The program in question: #1:

int main(void) {
  int size;
  scanf("%d", &size);
  int v[size];
  for(int i = 0; i < size;   i) {
      scanf("%d", &v[i]);
      printf("the %d-th element is : %d\n",i, v[i]);
  }
  return 0;
}

O/P:

5
6 7 8 9 10 11
the 0-th element is : 6
the 1-th element is : 7
the 2-th element is : 8
the 3-th element is : 9
the 4-th element is : 10

My question: Why does it seem like the program does all the print statements after your input?

So does the program kind of 'hold' the print statements to display them after you press <Enter> for a new-line? Is there a better explanation of this behavior somewhere?

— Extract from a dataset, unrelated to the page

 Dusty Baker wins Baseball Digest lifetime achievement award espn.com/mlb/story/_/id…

**Edit after @dbush's answer** I need a bit of a clarity on this: so let's say the `size = 5` & my input is `6 7 8 9 10` so I'm asuming the first `scanf` in the loop reads the `6 ` part then reads/stores the data and then passes the rest of the content that's in the input buffer to the next `scanf`'s leaves the rest of the input data in the `input buffer`

Then the program goes towards the printf statement stores that output in some sort of a buffer then it loops back to the 2-nd scanf and that reads the 7 part and all of this goes till the 10<enter> part, now the final scanf reads/stores 11 and since there's a newline, the programs decides that it no longer needs to read from the input buffer and now outputs the rest of the contents from the output buffer to the console.

Is this how it goes or are there some inaccuraries in this analogy?

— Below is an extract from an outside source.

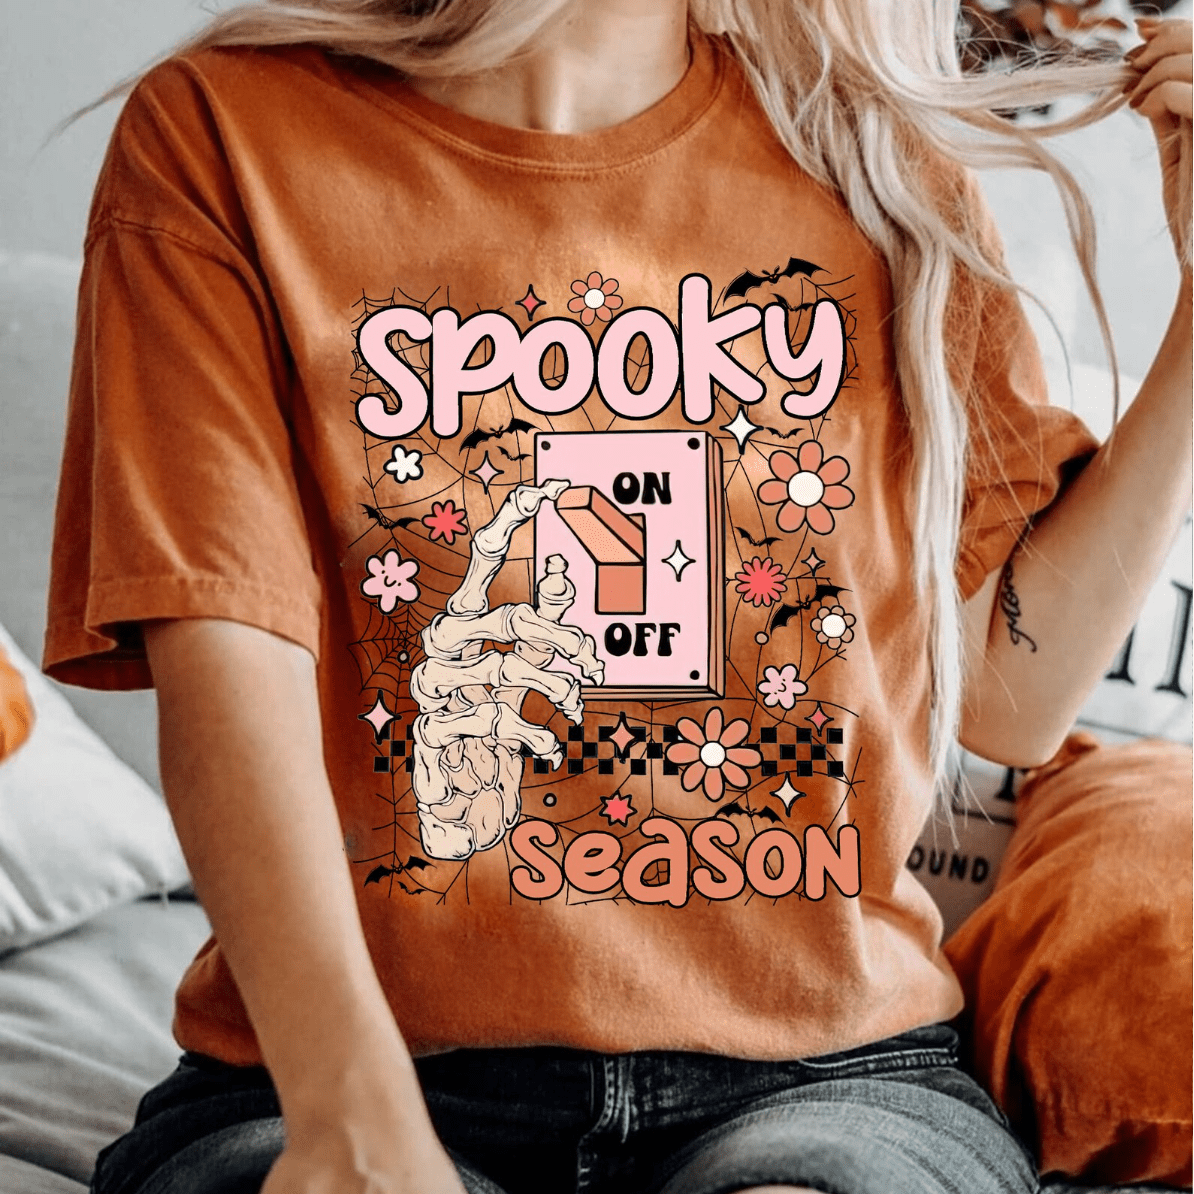 PresentsPrints, Spooky Season On Shirt Design Halloween T-Shirt

Edit #2: I found this good blogpost explaining what goes on with scanf's & the input buffer, together with @dbush & @Weather Vane answers to completely answer any doubts I've had regarding this

CodePudding user response:

When reading from a terminal, nothing gets sent to scanf until you press ENTER.

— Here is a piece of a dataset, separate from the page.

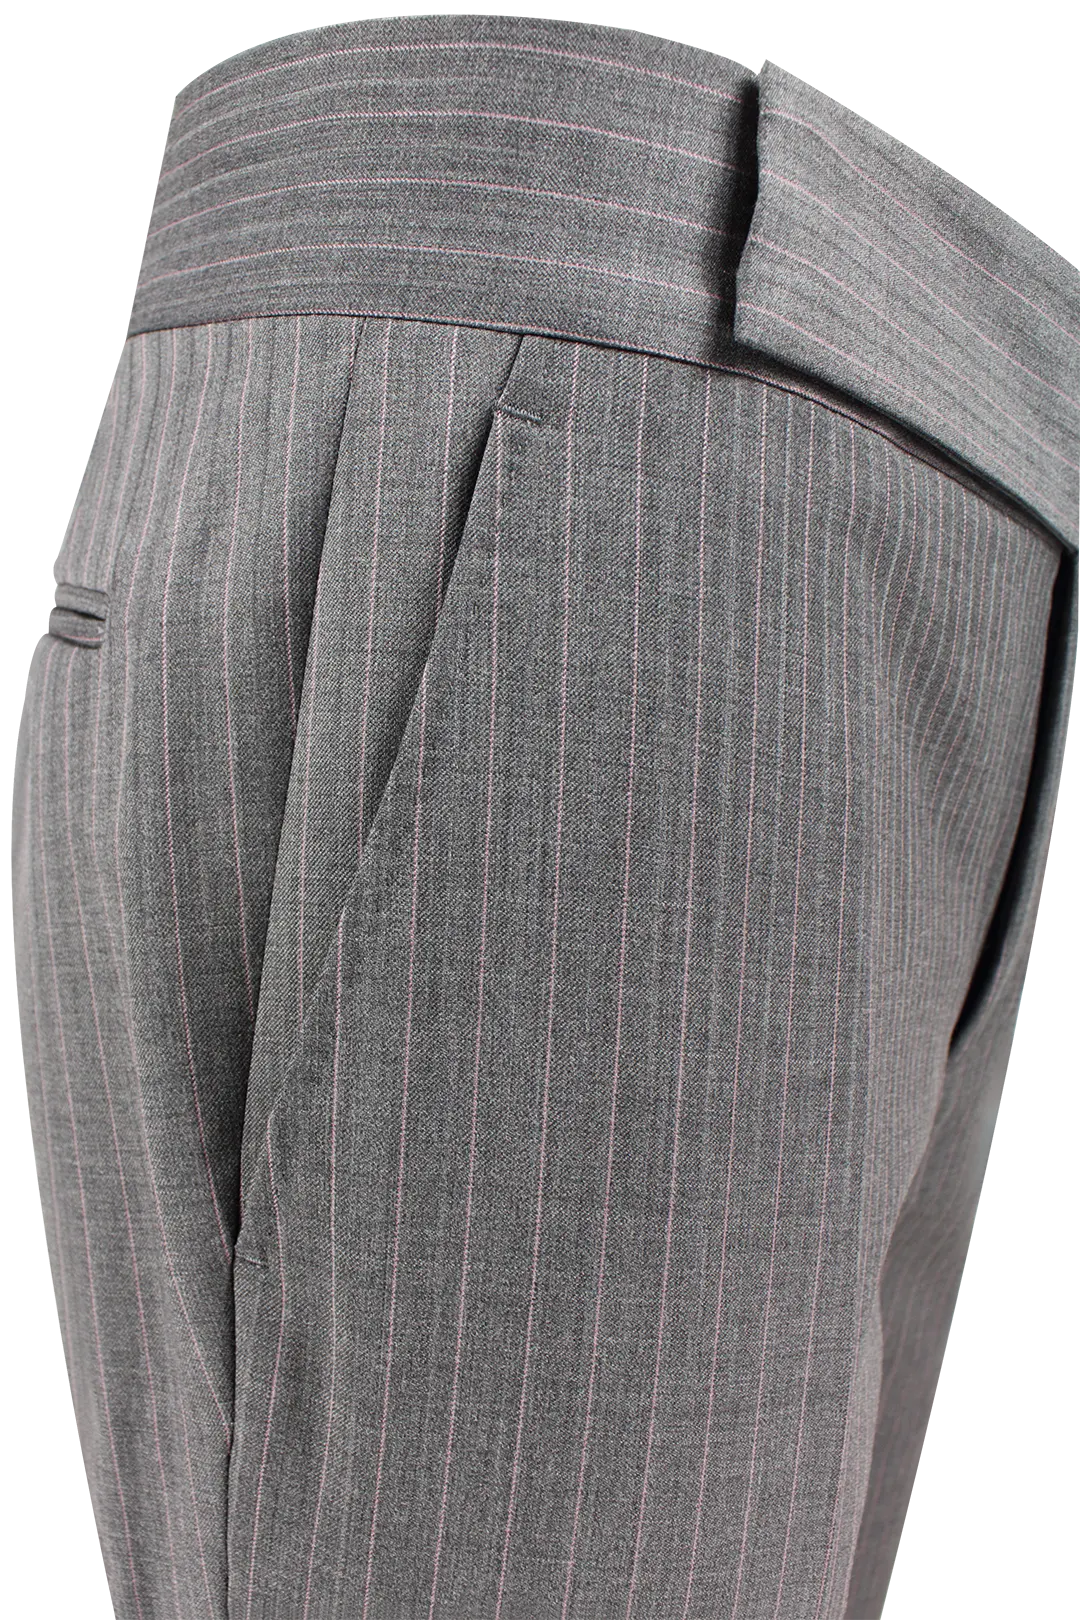 Pantalone cinta sartoriale lana grigia gessata profilo

So in your case, you have 6 strings which look like numbers in the input buffer. The first scanf reads just the first number, because that's what its pattern is looking for and leaves the rest in the input buffer. Then the program continues by calling printf, and because the string ends with a newline it gets printed immediately. When the program then loops back around to scanf, there's already data in the input buffer so it reads what's there and returns immediately, and the cycle continues.

So only the first call to scanf is waiting for input from the user, while the others are reading what's already in the input buffer, and the printf calls are having their output go to the terminal immediately since the string to print ends with a newline.

CodePudding user response:

When the program runs the first scanf("%d", &size); it reads the value of 5 from the input stream, and this value is used to define the size of the array "v". Then, the loop starts to run and for each iteration, it calls scanf("%d", &v[i]), which reads a value from the input stream and assigns it to the i-th element of the array.

However, it also calls printf("the %d-th element is : %d\n",i, v[i]), which prints the value of the i-th element of the array and the iteration number.

So, after the program reads the 5 values that it needs to fill the array, it reads one more value, which is not assigned to any variable, and this is the reason why you see the extra value in the output.